Denezpi v. United States (U.S. Supreme Court, June 2022)

In a 6-3 opinion, the Supreme Court affirmed a defendant’s federal conviction, rejecting the defendant’s argument that he could not be prosecuted by the feds after they had already prosecuted him for violations of tribal law based on the same conduct. The Court reasoned that, regardless of the fact that the federal government prosecuted both cases, the offenses being prosecuted were distinct because they were defined by distinct sovereigns–the federal government and the Utes sovereign reservation.

United States v. Taylor (U.S. Supreme Court, June 2022)

In a 7-2 decision, the Supreme Court held that attempted Hobbs Act robbery does not qualify as a “crime of violence” under 924(c) “because no element of the offense requires proof that the defendant used, attempted to use, or threatened to use force.” Applying the categorical approach, the Court held that a generic defendant could be convicted of attempted Hobbs Act robbery without using or threatening force based simply on their “intent” and their taking a non-forceful “substantial step.”

Shoop v. Twyford (U.S. Supreme Court, June 2022)

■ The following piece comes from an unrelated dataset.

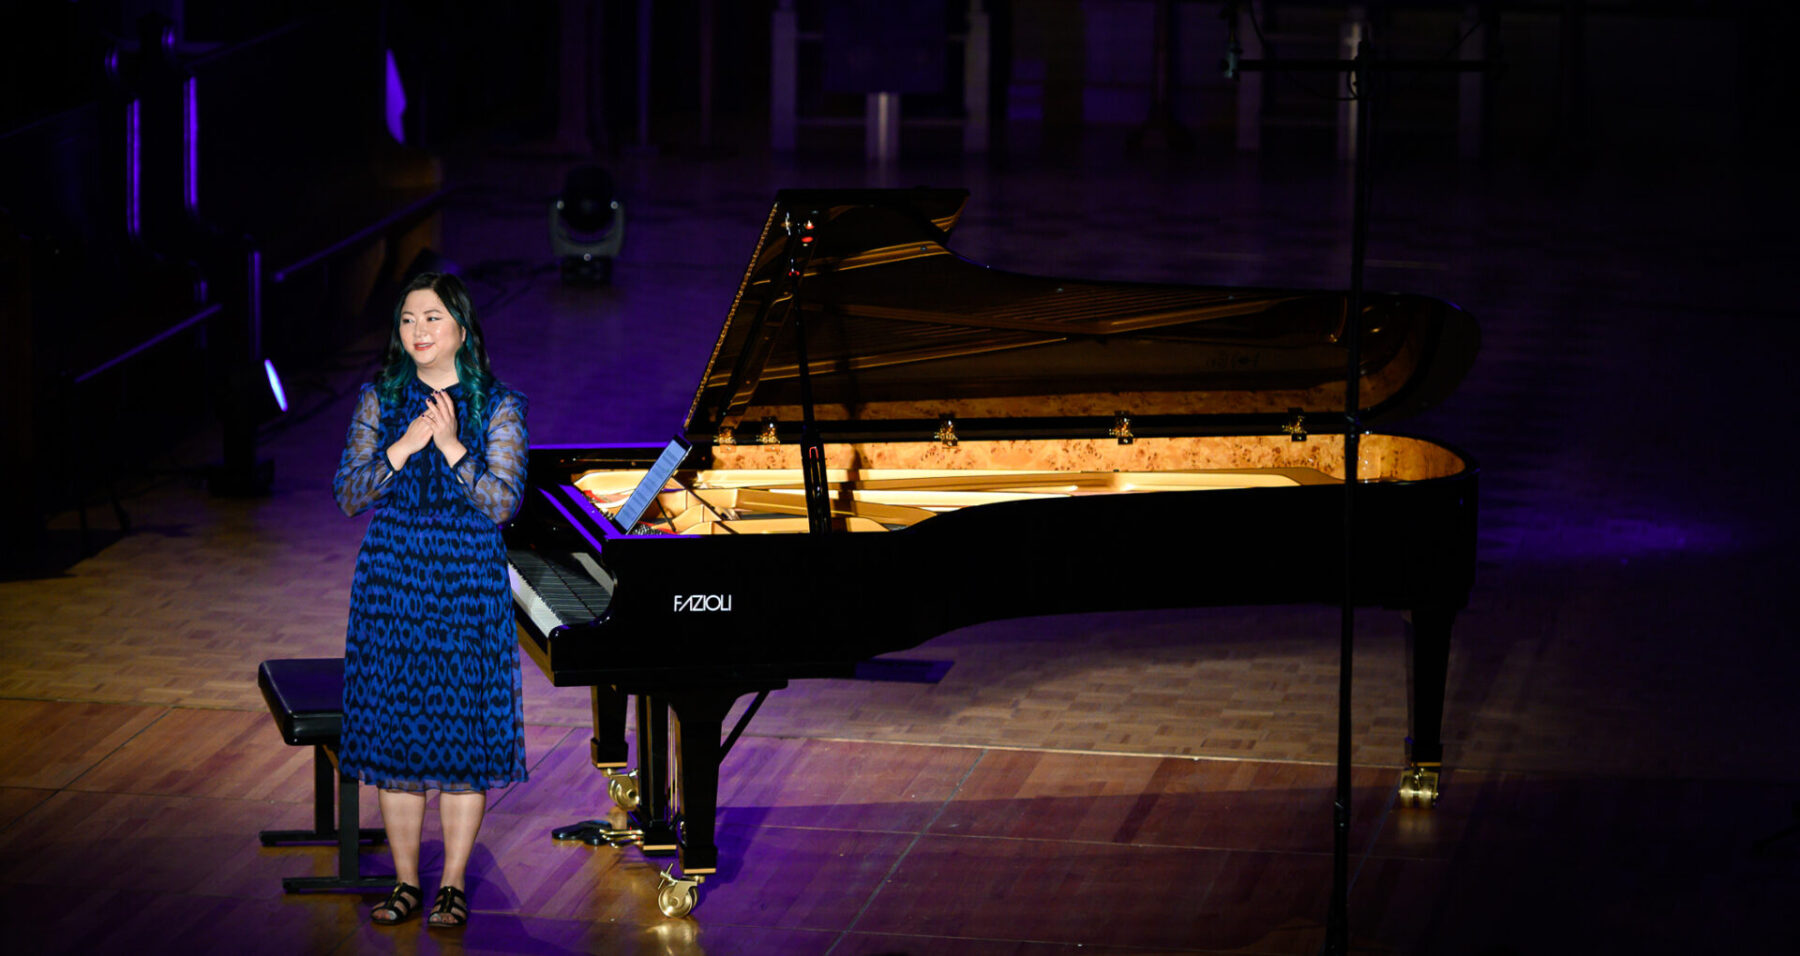 Vicky Chow in a blue and black dress in front of a Fazioli piano, talking to the audience

In a 5-4 opinion, the Supreme Court held that federal district courts do not have the authority under the All Writs Act to issue a transportation order for a prisoner held in state custody so the prisoner may search for exonerating evidence in an evidentiary hearing. To issue such an order, an inmate petitioner must make a showing that the evidence is admissible and supports one of their possible habeas claims. The decision limits district courts’ ability to develop and consider new evidence in Habeas cases.

Shinn v. Martinez Ramirez (SCOTUS, May 2022)

In a 6-3 opinion, the Supreme Court held that there is no right to counsel in state post-conviction proceedings and, as such, a petitioner’s ineffective assistance claim must be evident on the face of the state court record, rather than developed through an evidentiary hearing.